The required number of strokes is initially set by .

On the other hand, according to the output from the hour timing counter 18,
In this embodiment, the first audio frequency signal generating circuit 26 that outputs the first audio frequency signal is a frequency dividing circuit 2 that divides the signal from the clock frequency dividing circuit 4 to 65.5 KHz.
8, and a programmable frequency divider 30 that divides the frequency of the output signal 28a from the frequency divider circuit 28. This programmable frequency divider 30 is an 8-stage binary programmable frequency divider, and its frequency division ratio is set to 1/125, and the output signal 28a (
65.5KHz) to 524Hz.

Further, in this embodiment, the second audio frequency signal generation circuit that generates a second audio frequency signal whose frequency differs by 1 to 10 Hz from the audio frequency signal from the first audio frequency signal generation circuit 26 is Output signal 28a of circuit 28
It is constituted by a programmable frequency divider 32 that divides the frequency. The programmable frequency divider 32 is an 8-stage pinary programmable frequency divider, and its frequency division ratio is set to 1/124, and the output signal 28a (65.5K
Hz) to 529Hz.

The reset input R of both programmable frequency dividers 30 and 32 receives the reset signal 18b of the hour timing counter 18.
are input, and output signals 30a and 32a are input to the gates of analog switches 34 and 36, respectively. These analog switches 34 and 36 are connected to the envelope generating circuit 2.
The envelope signal 20a from 0 is input to this circuit, and this circuit changes the amplitude of the input signals 30a and 32a into signals that gradually attenuate based on this signal 20a. Attenuated signals 34a, 36a from analog switches 34, 36
is input to a mixing circuit 38 and mixed, and this mixed signal 38a is input to a sound generation circuit 44 consisting of an amplifier circuit 40 and a speaker 42.

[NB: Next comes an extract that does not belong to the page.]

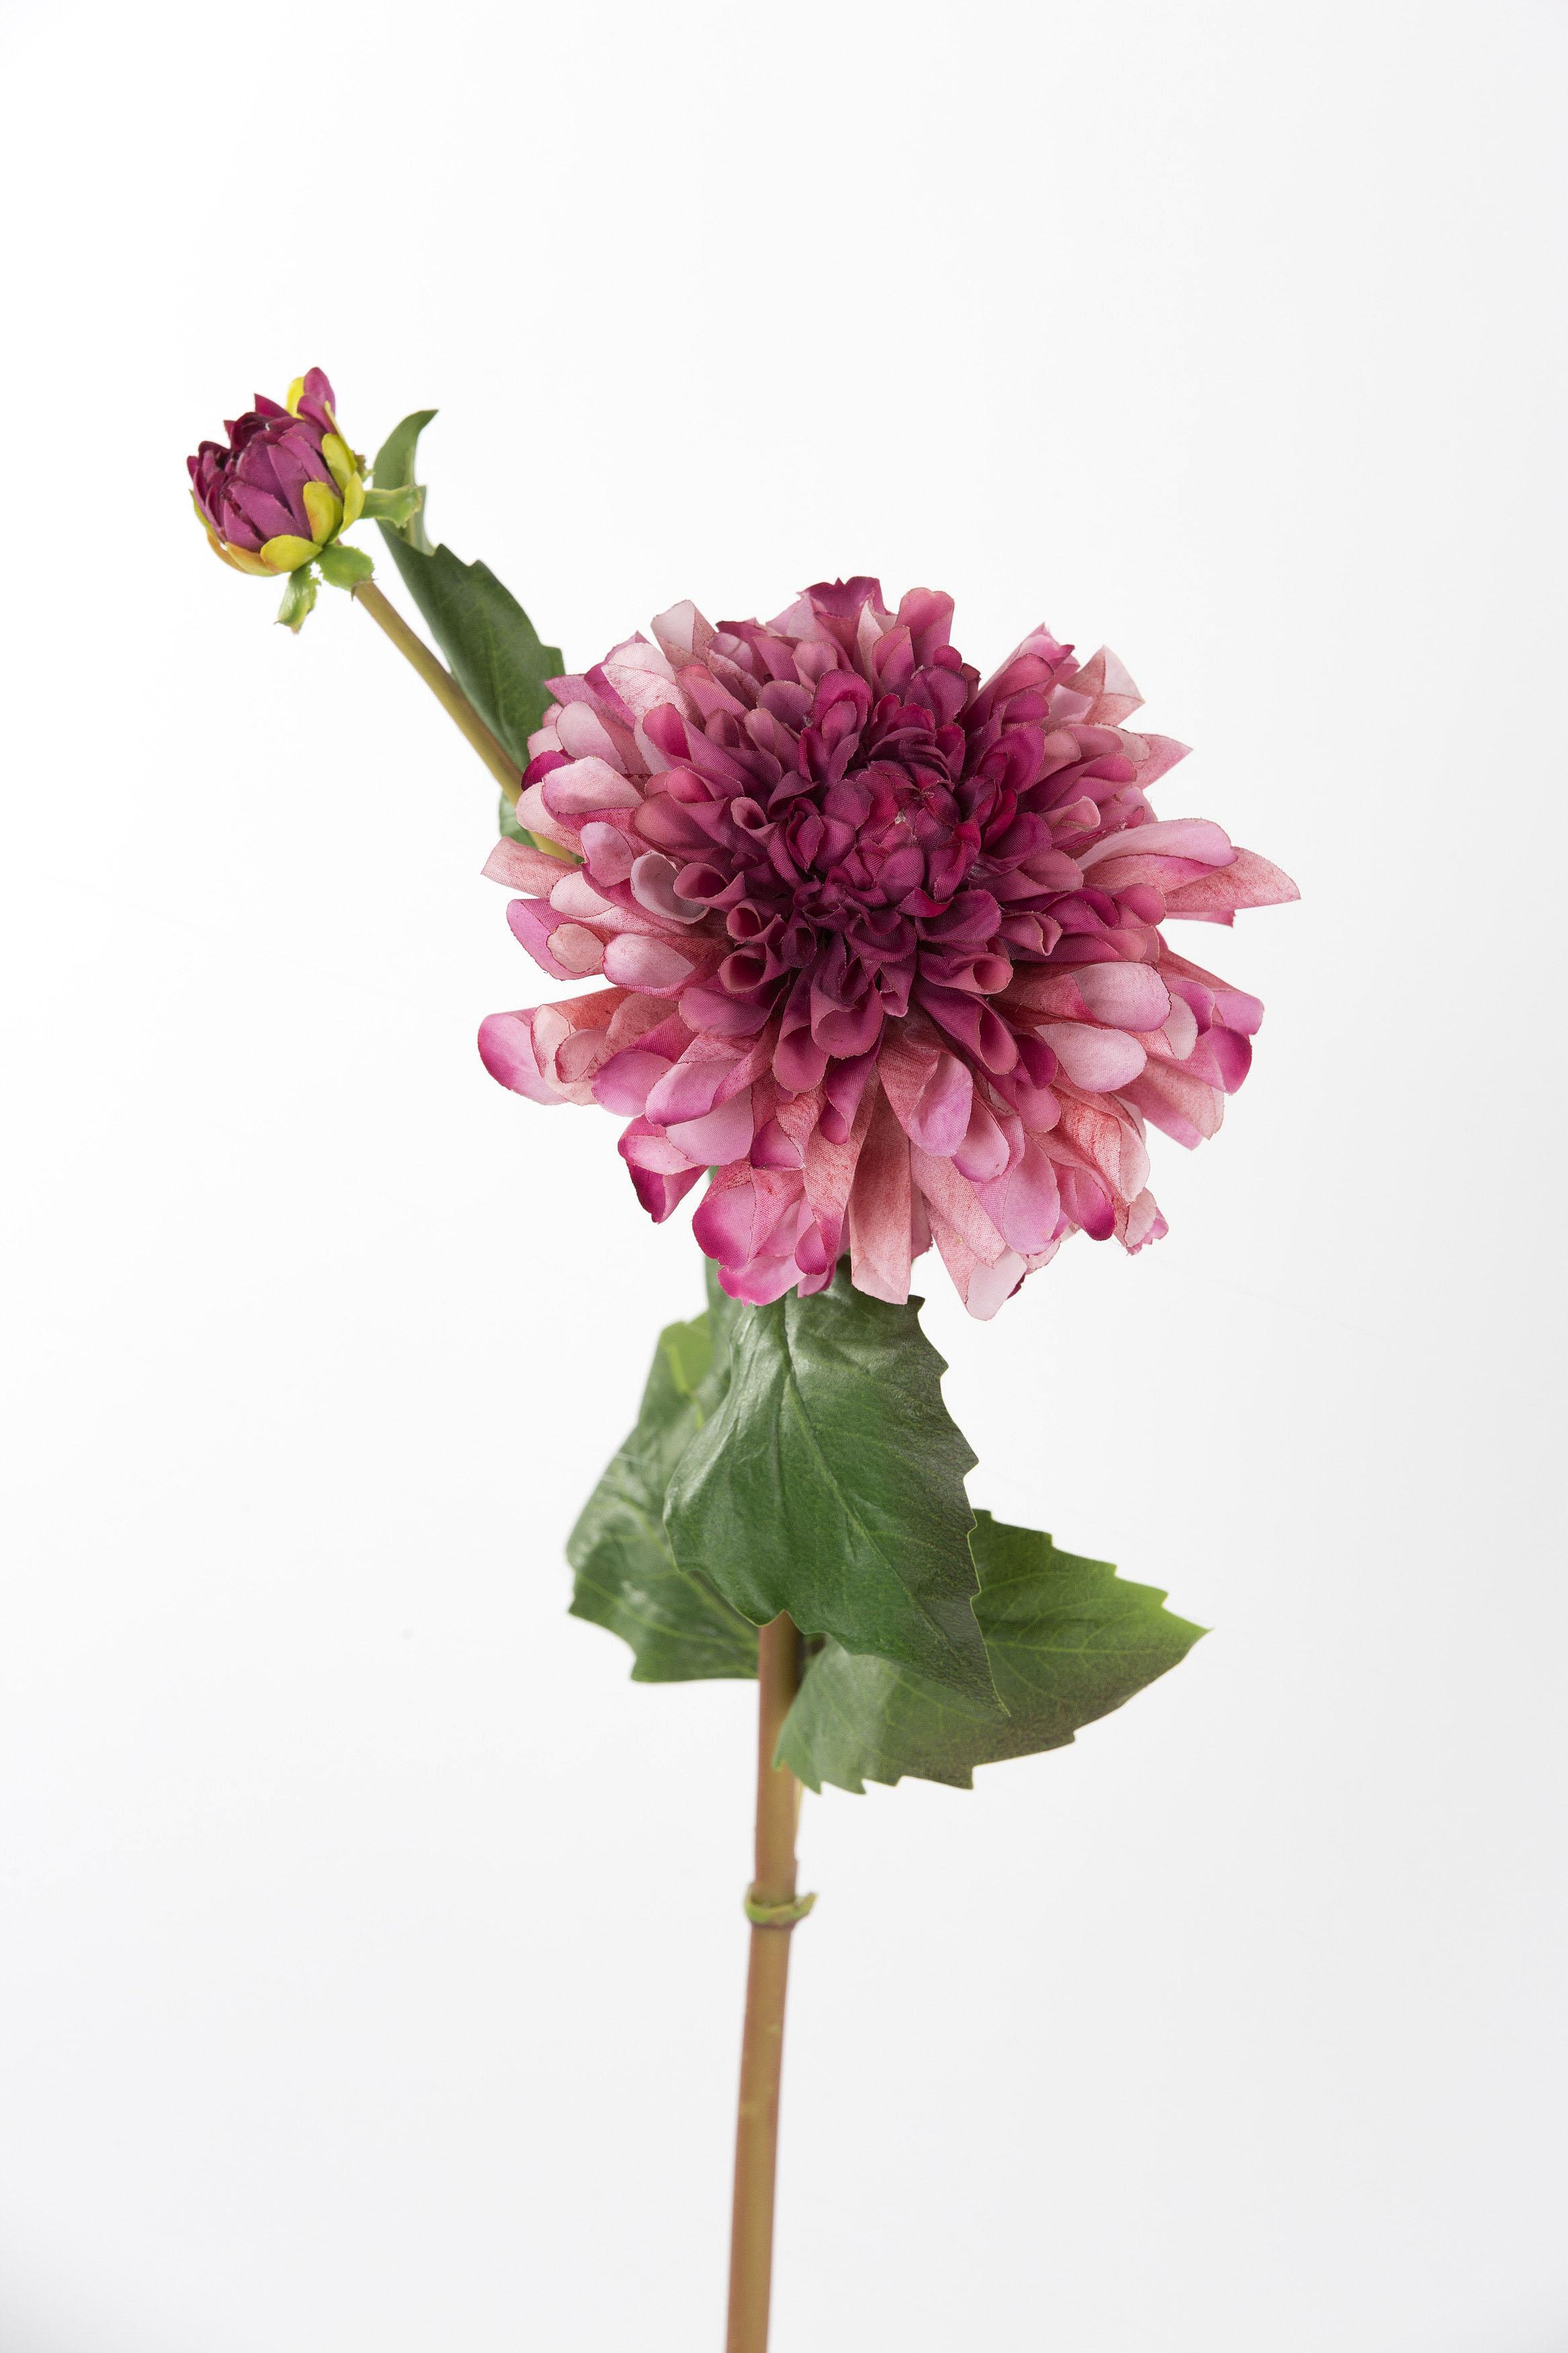 Faux Dahlia Flower Stem Burgundy - Shop

The operation of this circuit will be explained below using the time charts of FIGS. 2 and 3.

When the scheduled time arrives, the clock start signal 1 of the clock control circuit 16 is activated.
6a changes from "L" to "H", thereby the reset signal 18b of the hour timing counter 18 changes from "H" to "L", the reset of the programmable frequency dividers 30 and 32 is released, and the frequency division circuit The frequency division of the 65.5 KHz signal 28a from 28 is started. At the same time, a positive single pulse is generated in the envelope start signal 18a.

This single pulse causes analog switches 34, 3
6 is an envelope as shown in the time chart in Figure 2.
input waveform. Therefore, the output signal 34a of the analog switch 34 is a signal modulated by the 524 Hz signal 30a from the programmable frequency divider 30, and the output signal 36a of the analog switch 36 is the 529 Hz signal from the programmable frequency divider 32. A modulated attenuated signal is output at 32a. This output signal 34a, 36
a is mixed by the mixing circuit 38, and as a result, the amplitude and pulse width of the wave change periodically as shown in the time chart of FIG. This mixing signal is input to the sound generation circuit 44, which generates a sound whose volume and frequency components periodically change in small steps. And when the envelope waveform from the envelope generation circuit 20 disappears,
Reset signal 18b from hourly timing counter 18
changes from “L” to “H”, and the programmable frequency divider 30
, 32 are reset. After that, the number of strokes control circuit 22 determines whether or not the strokes have been made at the specified time, and if the prescribed number of strokes has not been reached, the reset signal 18 is sent again.
b changes from “H” to “L”, and envelope start signal 1
A positive single pulse is generated at 8a, and the ticking sound generation operation is repeated as before.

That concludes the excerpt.